# Very Tame Pigeon Help



## Elwoods Girl (Nov 1, 2012)

I am looking for advice ... Myself and my husband saved a baby wood pigeon which had fallen out of its nest (35 feet up in a neighbours tree) ... There were two which had fallen .. one had been killed by a cat and this one was covered in blood and its beak was split in two.

After cleaning it up regularly and syringe feeding it for a week or so "Puds" pulled though and we were chuffed. We have now had him for three weeks and he has nearly all of his adult feathers and getting some nice colour on him...he is now on dry seed which he gobbles down nicely ... HOWEVER ... he only seems to eat when I am with him.
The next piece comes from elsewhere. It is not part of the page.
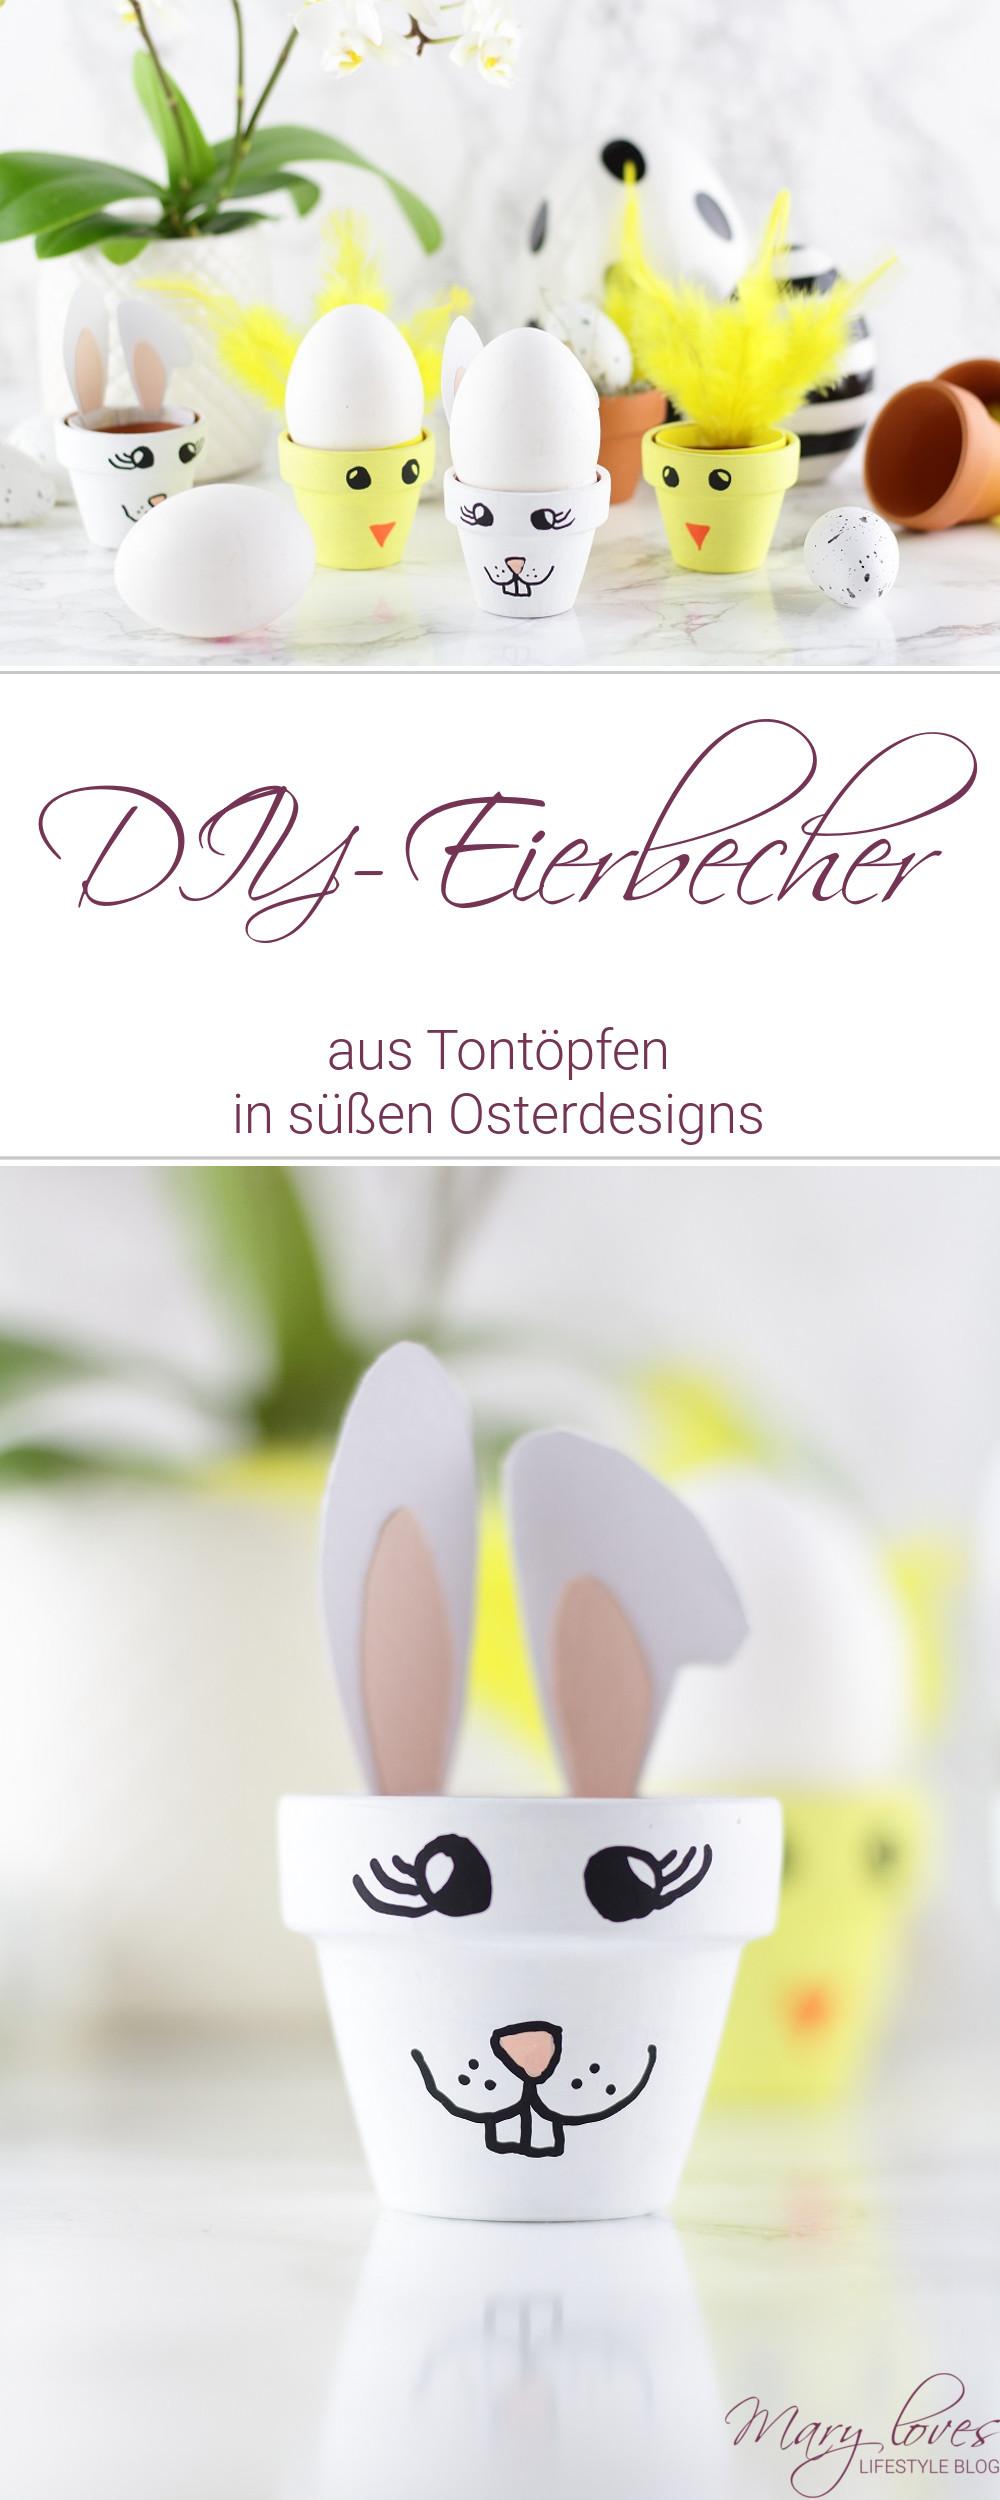 Diy Eierbecher Aus Tontöpfen In Süßen Osterdesigns Mary Loves

He has taken to me as his Mum and everytime he see's me or hears my voice he starts squeaking and flpping his wings wanting me to feed him and stroke him. As I no longer syringe feed him he has seed all day available which I know he can eat (as he got older and his beak changed shape and got hard the split has healed itself.) but as I say he only seems to eat when I am with him and then he gobbles it down (the food that has been there all day) like he is starving ??

Any ideas what I can do ??

I assume I wont be able to let him go back to the wild now as at present everytime I walk in the aviary he flys straight to my shoulder ??


----------



## John_D (Jan 24, 2002)

Hi

At 3 weeks or so, he is still just a baby really, and would still be under the watchful eye of his parents, even though he has learned about pecking for food. At present, you are his parent. May take a little time yet, of leaving him to eat by himself for gradually longer periods and monitoring the state of the seed pot. Keep check on his poops, which for a pigeon eating well, and without known problems, would be dark, rounded and with a little cap of white. Could also monitor his weight for gain or balance at roughly same time each day or two.

He may be releasable but, I would suggest, it should be with other young woodies such as a caring rescue centre would do. Whether that's possible depends where you are located.

Going to move this to the wood pigeon etc. section, where hopefully more UK members may pick it up.


----------



## Elwoods Girl (Nov 1, 2012)

Thanks so much for the advice.... His poops are exactly as you said so I assume all is fine and he is just being a baby !


----------